Yum Brands is bringing in-store customers into the digital fold with increasingly frictionless ordering options.
The quick-service restaurant (QSR) giant, parent of KFC, Pizza Hut, Taco Bell and The Habit Burger Grill, shared on a call with analysts Wednesday (Feb. 8) discussing the company’s fourth-quarter 2022 financial results that its Tictuk conversational commerce platform is expanding the company’s digital customer base.
“We processed millions of digital orders in 2022 with Tictuk continuing to prove it can bring in incremental customers and drive digital sales,” Yum Brands Chief Financial Officer Chris Turner said on the call. “This is evidenced by the chat ordering launch in KFC Mexico were more than 90% of users who transacted on the chat channel had previously not placed a digital order on other channels.”
He noted that, by the end of the year, the technology was live in more than 3,200 stores across 49 markets, and the company plans to add Tictuk ordering features to 1,000 more stores throughout this year. In addition to Tictuk’s chat capabilities, the company also began adding its white-label eCommerce platform in a couple of areas in the last few months of 2022. These moves follow on the heels of Yum Brands’ acquisition of the company back in March 2021.
These kinds of moves can help broaden restaurants’ digital customer bases from a small fraction to a sizable share. Research from this month’s edition of PYMNTS’ Restaurant Digital Divide report, “The 2022 Restaurant Digital Divide: Restaurant Apps and Websites in the Spotlight,” which drew from a survey of nearly 2,000 U.S. consumers, found that just 16% of consumers primarily order food via restaurants’ direct digital ordering channels. Yum Brands did not disclose its digital sales mix.
Expanding the eCommerce audience can be essential, as online transactions enable restaurant brands to gather valuable customer data, in turn making it possible to personalize the omnichannel experience and get more targeted with marketing. Fast-casual giant Chipotle Mexican Grill, for one, shared on an earnings call with analysts Tuesday (Feb. 7) how these kinds of personalization capabilities have been key to combatting inflationary trade-down.
Indeed, Yum Brands has been seeing the effects of inflation-related changes to consumers’ restaurant spending, but the company maintained that this has yielded positive effects for its brands.

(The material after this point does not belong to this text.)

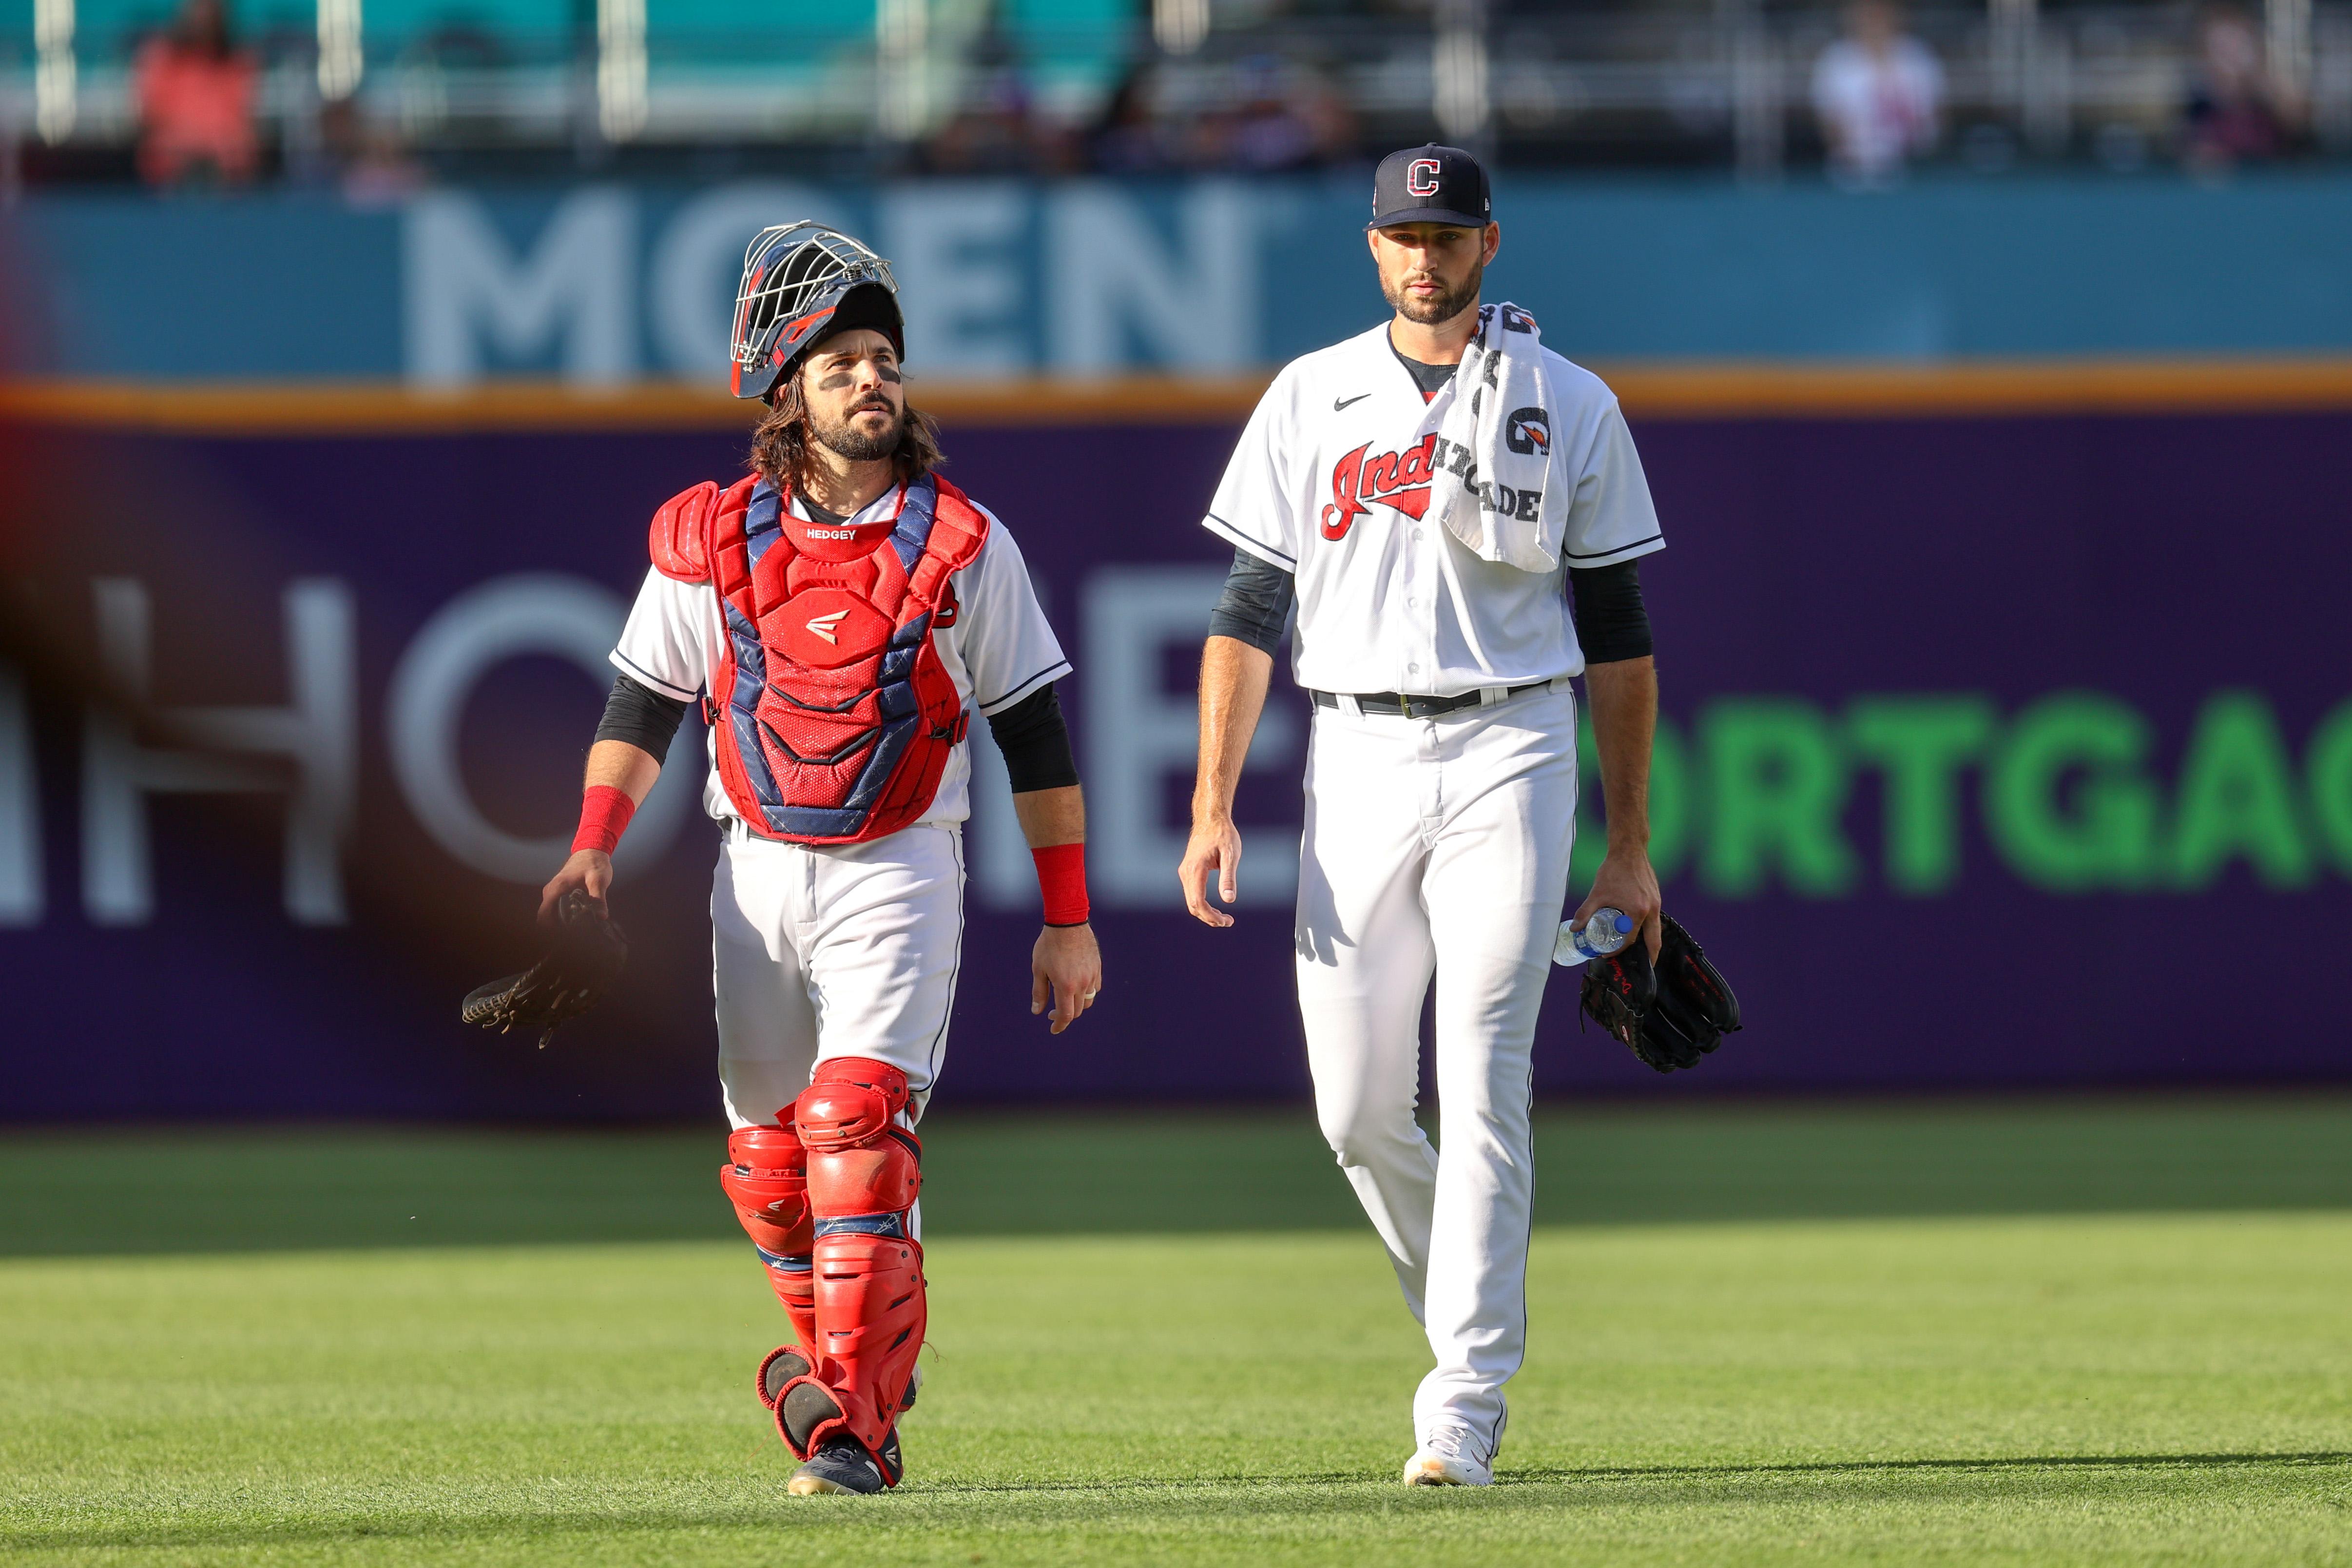 MLB: JUL 02 Astros at Indians

“We are seeing some increase in [our] higher-income customers coming more frequently, and some of that, no doubt due to trade-down into our brands,” Turner said. “On the lower end, we’re not seeing the low-income consumer drop out of our business. What we’re seeing is probably a little bit more focused on value. And that’s been a trend that’s been continuing throughout 2022 and to 2023.”
Indeed, research from the December edition of PYMNTS’ Restaurant Digital Divide study, “The 2022 Restaurant Digital Divide: Restaurant Customers React to Rising Costs, Declining Service,” which drew from a survey of more than 2,300 consumers, found that across generations, the vast majority of consumers have made adjustments to their restaurant spending in response to rising prices.
Eighty-eight percent of millennials and Generation Z consumers, 87% of bridge millennials and 85% of Generation X consumers reported making such changes.
However, in contrast with Turner’s assertion, the study found that more common than trading down to lower-priced restaurant brands or menu items is cutting back on the overall frequency of restaurant purchases.